Recently, we developed an immunoglobulin G (IgG)-capture BED-enzyme immunoassay (BED-CEIA) to identify recent human immunodeficiency virus (HIV) type 1 (HIV-1) seroconversion for use in incidence estimates. We have established an algorithm for its use; developed quality control reagents to monitor the assay; and evaluated its performance for interrun, intrarun, and operator variability. Analysis of 144 individual plates, which involved multiple plate lots and several operators over more than a year, indicated that the coefficients of variation (CVs) were between 10 and 15% for raw optical density (OD) values in the dynamic range between 0.5 and 2.0 OD units; the CVs decreased to 5 to 10% when the OD was normalized (OD-n; OD-n = specimen OD/calibrator OD). The intrarun CVs were generally in the range of 5 to 10% for specimens with ODs <0.5 and less than 5% for specimens with ODs >0.5. The level of concordance between multiple plate lots (n = 6) and multiple operators (n = 7) was quite high (R2 > 0.9). Comparison of the results of the initial and the confirmatory tests with specimens with OD-n values ≤1.5 demonstrated a high degree of correlation (R2 = 0.92); 566 (92%) of 615 of specimens tested in the two modes retained the same classification (recent or long-term infection). The values for those specimens with changed classifications (n = 49) were close to the cutoff (OD-n = 1.0), as expected. The twofold difference in the HIV IgG contents between the controls and the calibrator reagents was exploited to monitor individual plate runs by using a control plot, which was incorporated into the spreadsheet for data entry and run monitoring. This information provides baseline data for the successful transfer of BED-CEIA to other laboratories and the use of BED-CEIA for the detection of recent HIV seroconversion and the calculation of incidence estimates worldwide.

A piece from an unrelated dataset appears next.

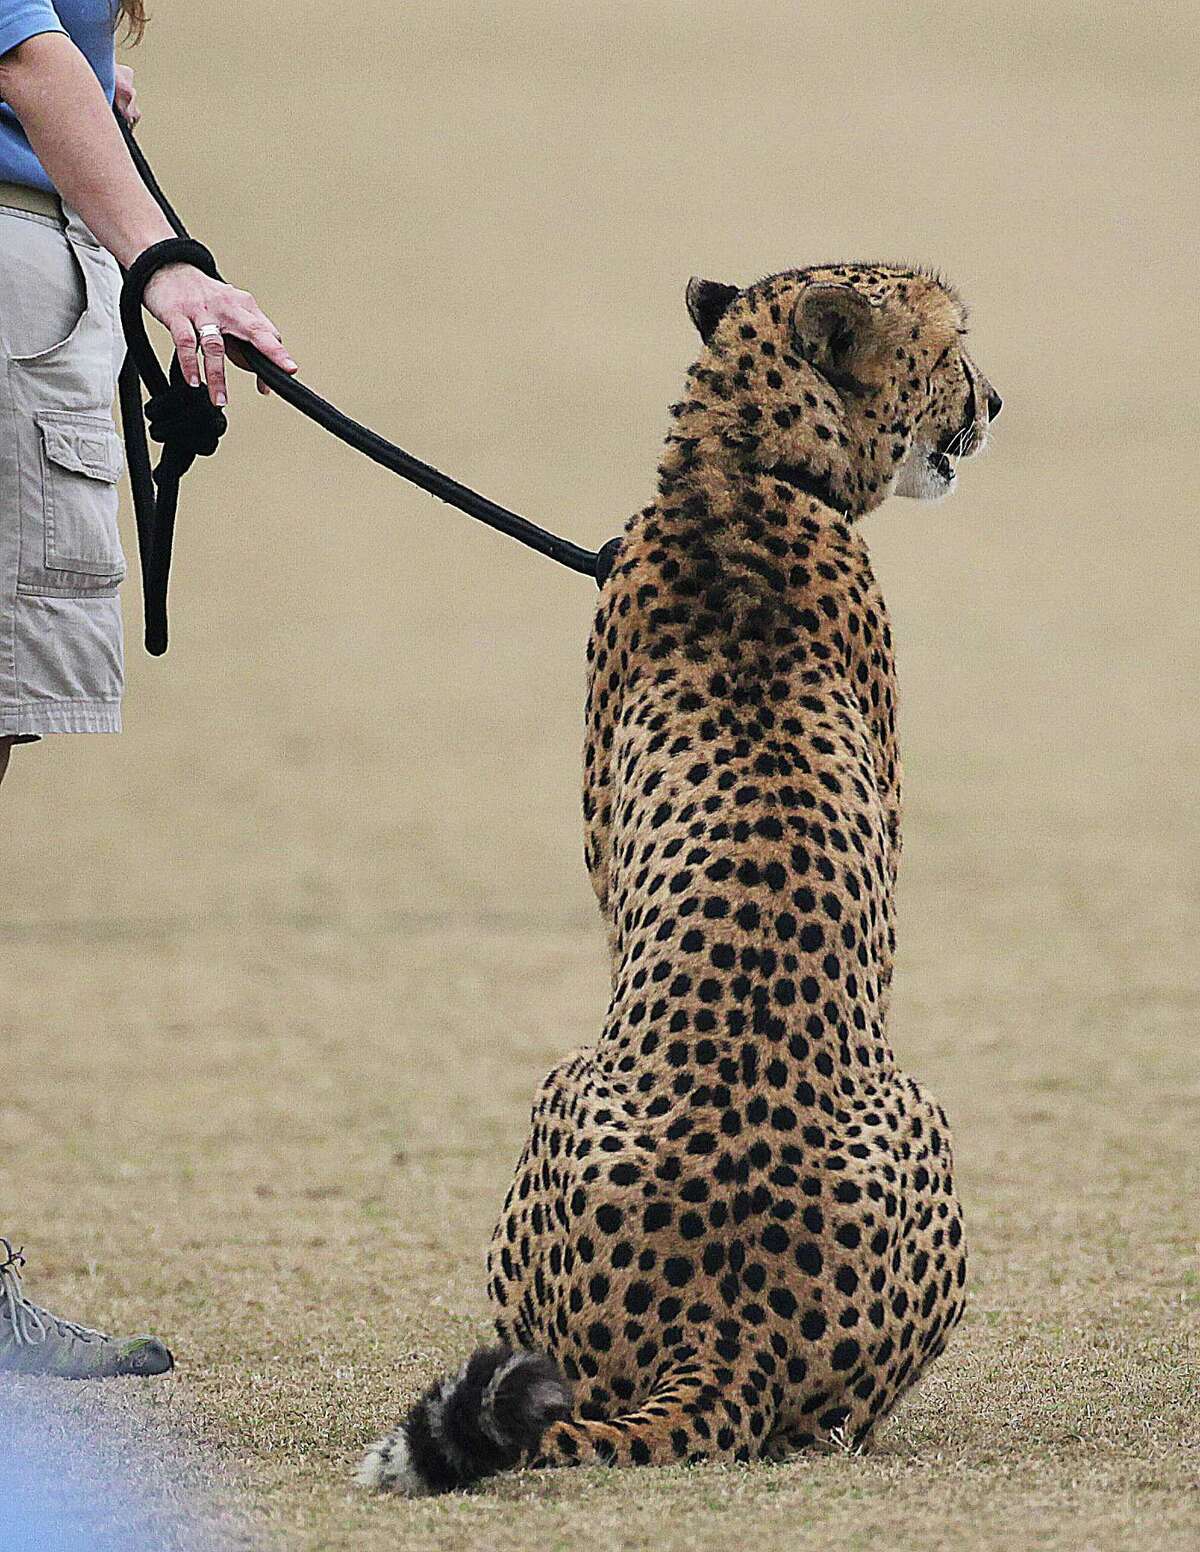 Houston Zoo Carnivore Supervisor Sara Riger touches one of the zoo's two male cheetahs, Kito and Kiburi later ran off leash at the Houston Dynamo's practice field located at Houston Sports Park Wednesday, Dec. 4, 2013, in Houston. Today is International Cheetah Day.

机译:最近,我们开发了一种捕获免疫球蛋白G(IgG)的BED酶免疫测定法(BED-CEIA),以识别最近的人类免疫缺陷病毒(HIV)1型(HIV-1)血清转化,以用于发生率估算。我们已经建立了使用算法。开发质量控制试剂以监控分析;并评估了其内部运行,内部运行和操作员可变性的性能。对144个单独的板进行了分析,其中涉及多个板批和多个操作员,超过一年的时间表明,原始光密度(OD)值在0.5到2.5之间的动态范围内,变异系数(CV)在10%到15%之间。 2.0 OD单位;当OD归一化时(OD-n; OD-n =样品OD /校正剂OD),CV降低到5%到10%。对于ODs <0.5的样品,运行中的CV通常在5%到10%的范围内,对于ODs> 0.5的样品,其内部CV值小于5%。多个板块(n = 6)和多个算子(n = 7)之间的一致性很高(R 2 2 = 0.92);在两种模式下测试的615个样本中,有566个(92%)保持相同的分类(近期或长期感染)。如预期的那样,那些分类改变的样本(n = 49)的值接近临界值(OD-n = 1.0)。对照和校准试剂之间HIV IgG含量的两倍差异被用于通过使用对照图来监测各个平板运行,该对照图已并入电子表格中以进行数据输入和运行监控。该信息为成功地将BED-CEIA转移到其他实验室以及使用BED-CEIA用于检测最近的HIV血清转化和全球范围内的发病率估算提供了基准数据。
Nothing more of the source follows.